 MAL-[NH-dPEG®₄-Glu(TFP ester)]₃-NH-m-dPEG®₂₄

##########

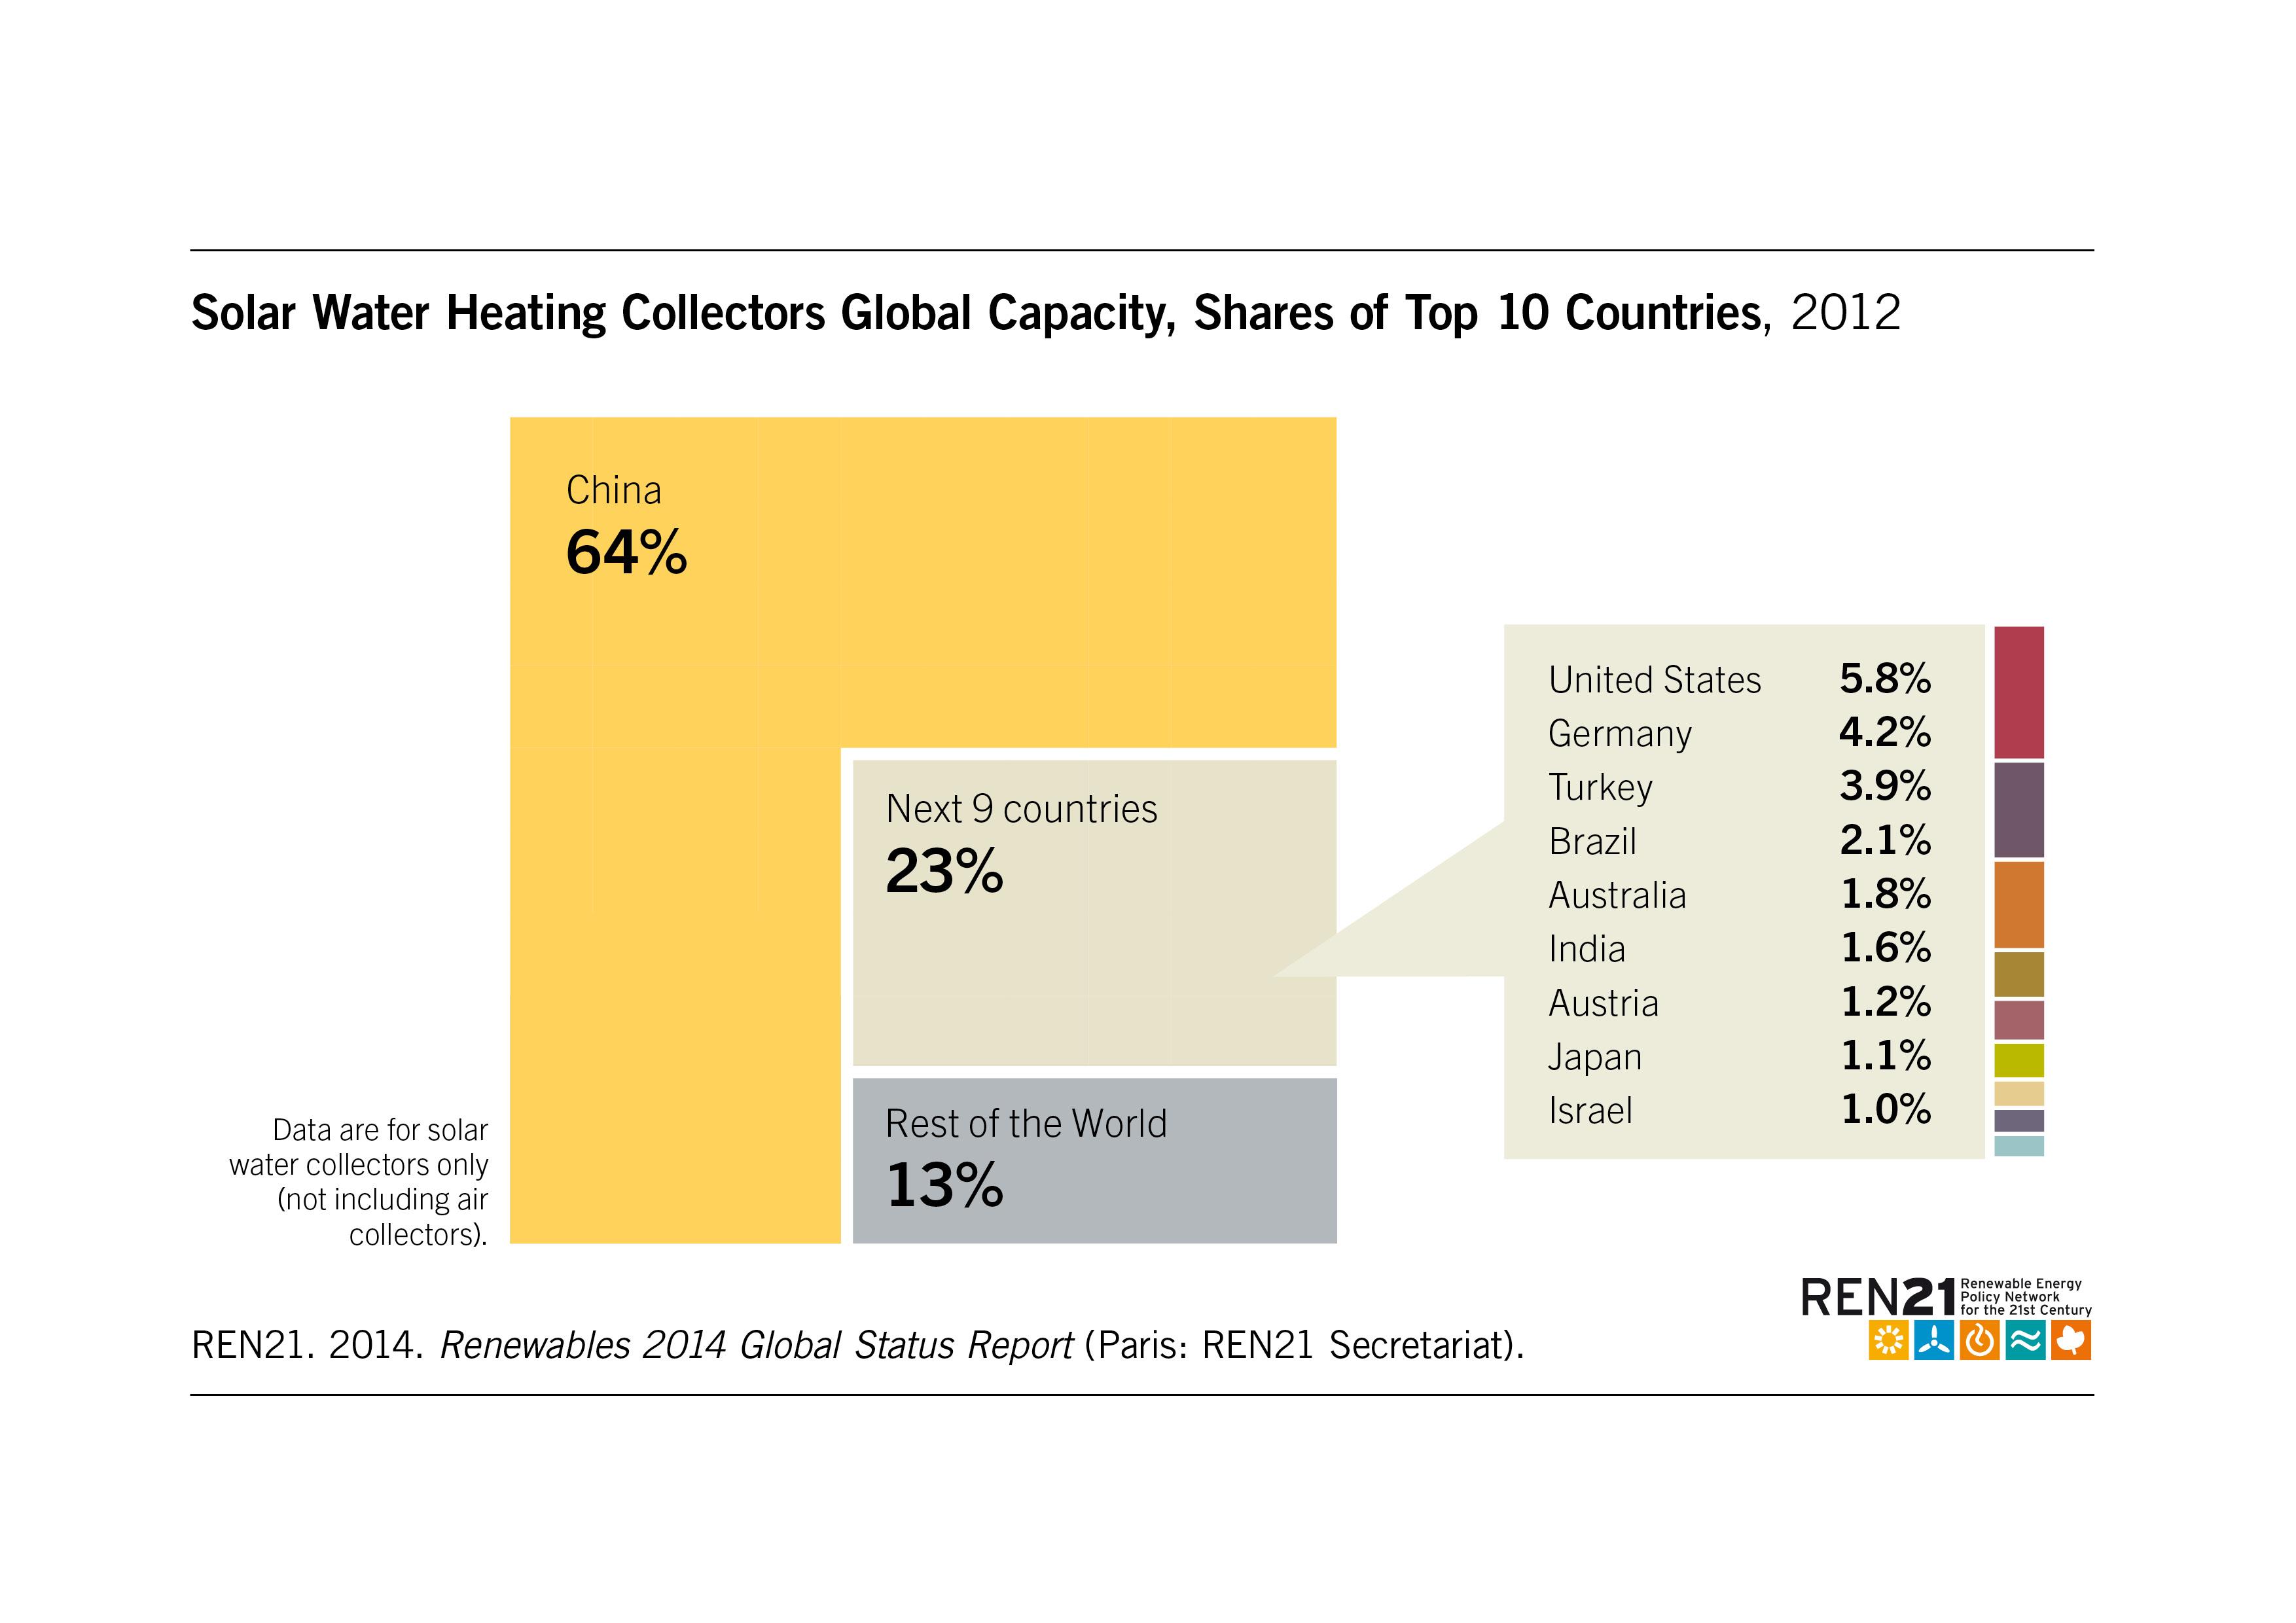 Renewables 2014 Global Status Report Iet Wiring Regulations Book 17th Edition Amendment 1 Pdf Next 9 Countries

##########

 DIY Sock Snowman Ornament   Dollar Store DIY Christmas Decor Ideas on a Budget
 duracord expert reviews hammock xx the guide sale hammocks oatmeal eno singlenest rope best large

##########

* Required action
The response must hold only the lines above from the line with "DIY Sock Snowman" through the line with "duracord expert reviews", each copied exactly, both ends kept.

* Answer to the problem
 DIY Sock Snowman Ornament   Dollar Store DIY Christmas Decor Ideas on a Budget
 duracord expert reviews hammock xx the guide sale hammocks oatmeal eno singlenest rope best large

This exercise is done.